### What you have to do
A faithful copy of all the data is required; pictures should not be included.

### Data
────

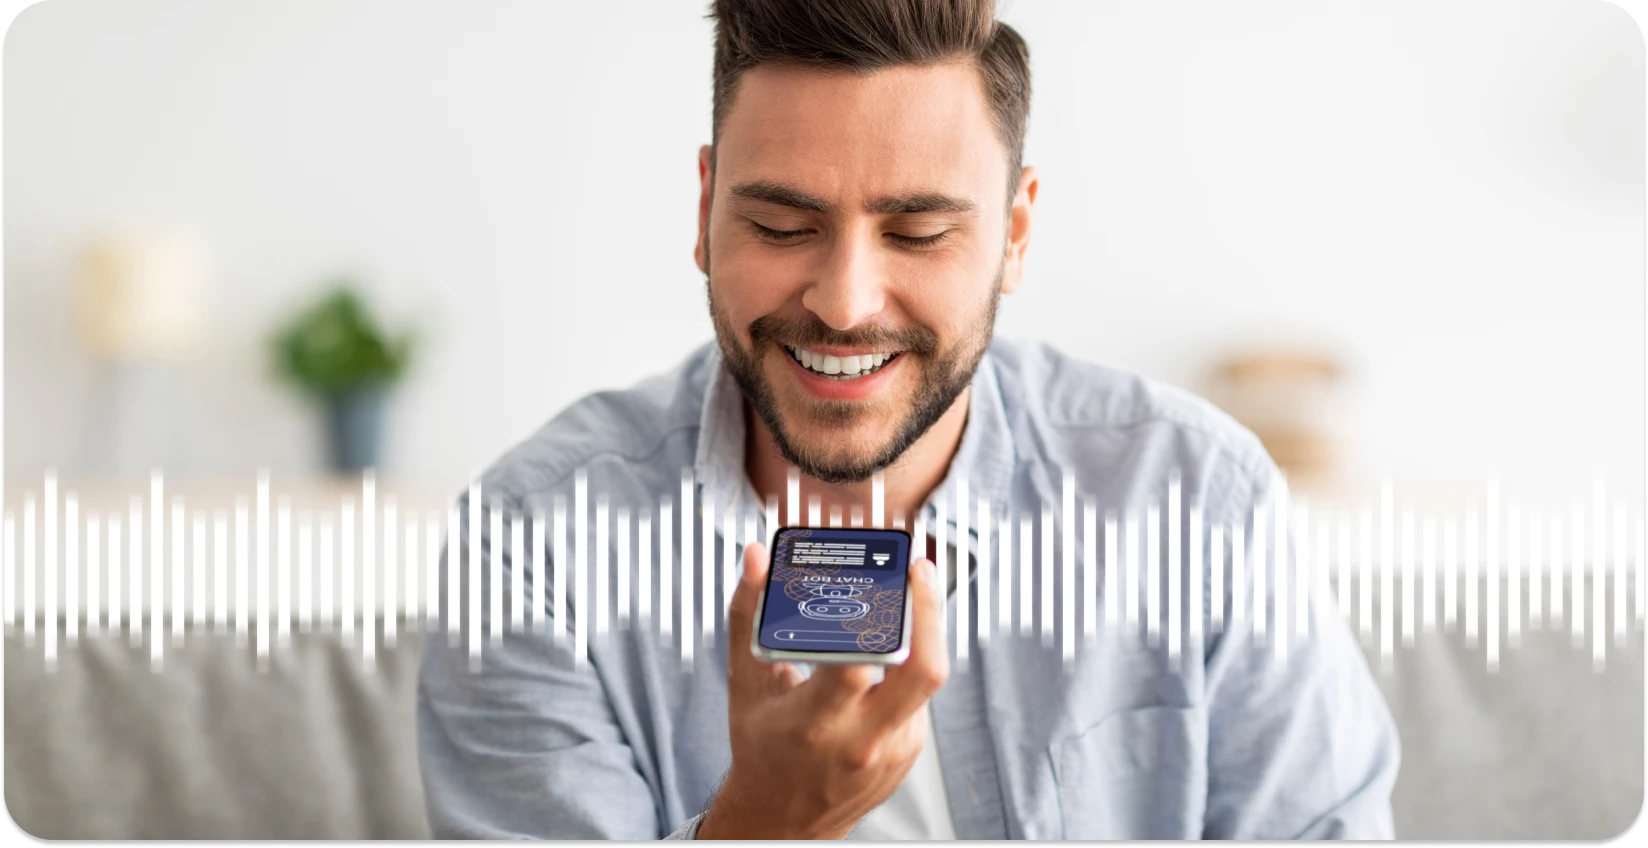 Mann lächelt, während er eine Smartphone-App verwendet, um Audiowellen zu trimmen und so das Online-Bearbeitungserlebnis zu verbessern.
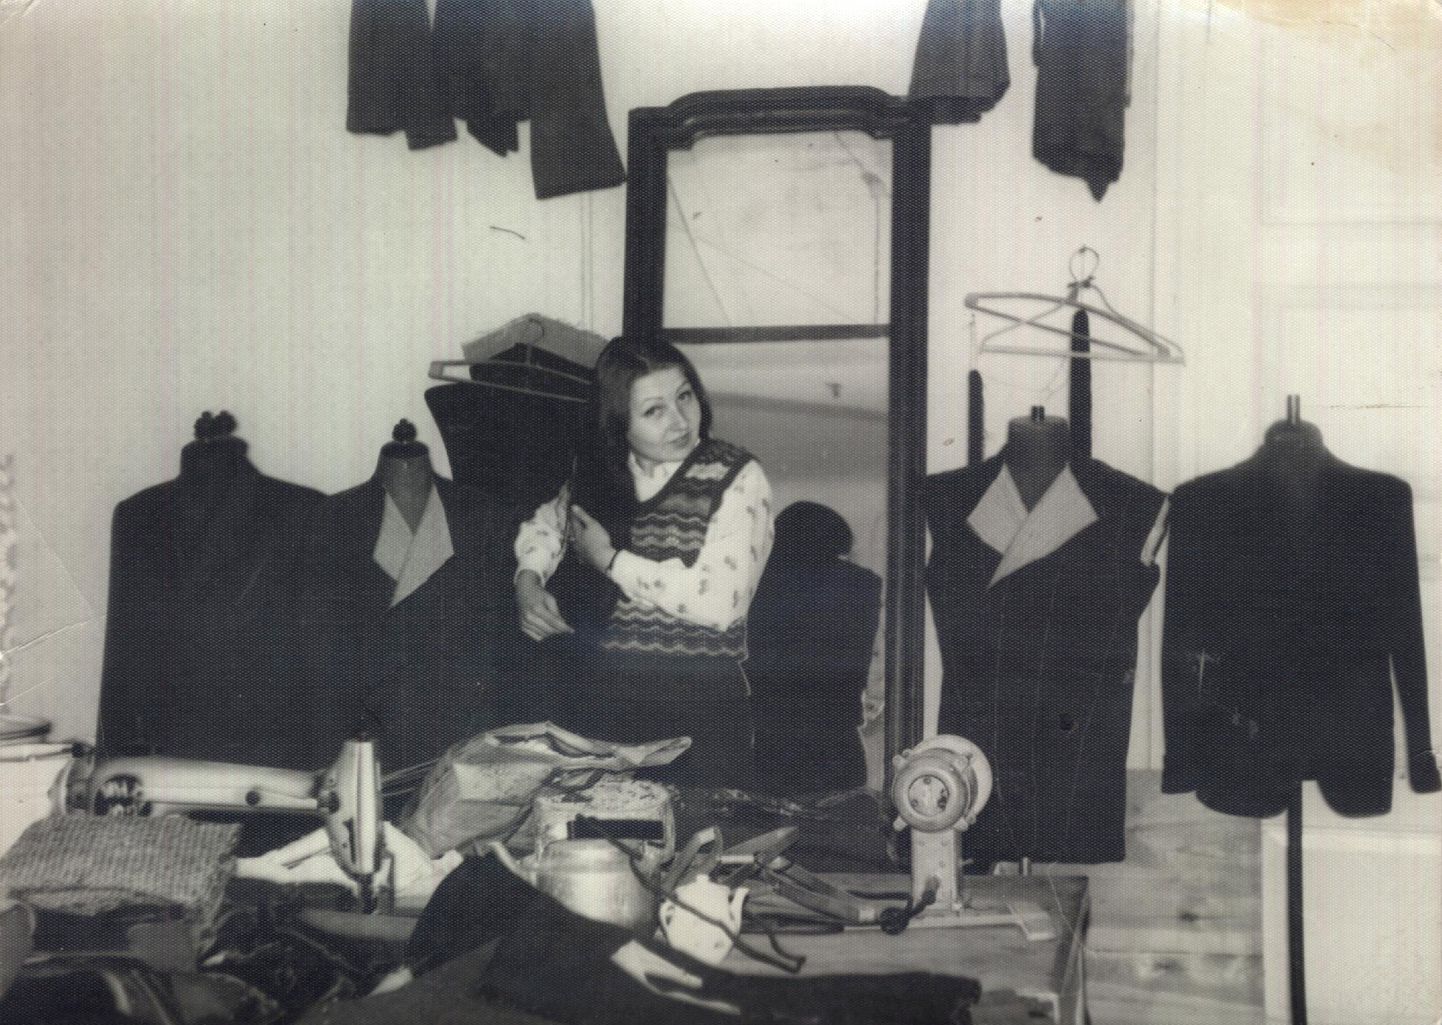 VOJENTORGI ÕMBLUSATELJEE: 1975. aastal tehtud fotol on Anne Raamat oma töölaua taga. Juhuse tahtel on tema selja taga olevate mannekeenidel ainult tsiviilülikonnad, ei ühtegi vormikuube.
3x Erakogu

────

### Task output
 Mann lächelt, während er eine Smartphone-App verwendet, um Audiowellen zu trimmen und so das Online-Bearbeitungserlebnis zu verbessern.
 VOJENTORGI ÕMBLUSATELJEE: 1975. aastal tehtud fotol on Anne Raamat oma töölaua taga. Juhuse tahtel on tema selja taga olevate mannekeenidel ainult tsiviilülikonnad, ei ühtegi vormikuube.
3x Erakogu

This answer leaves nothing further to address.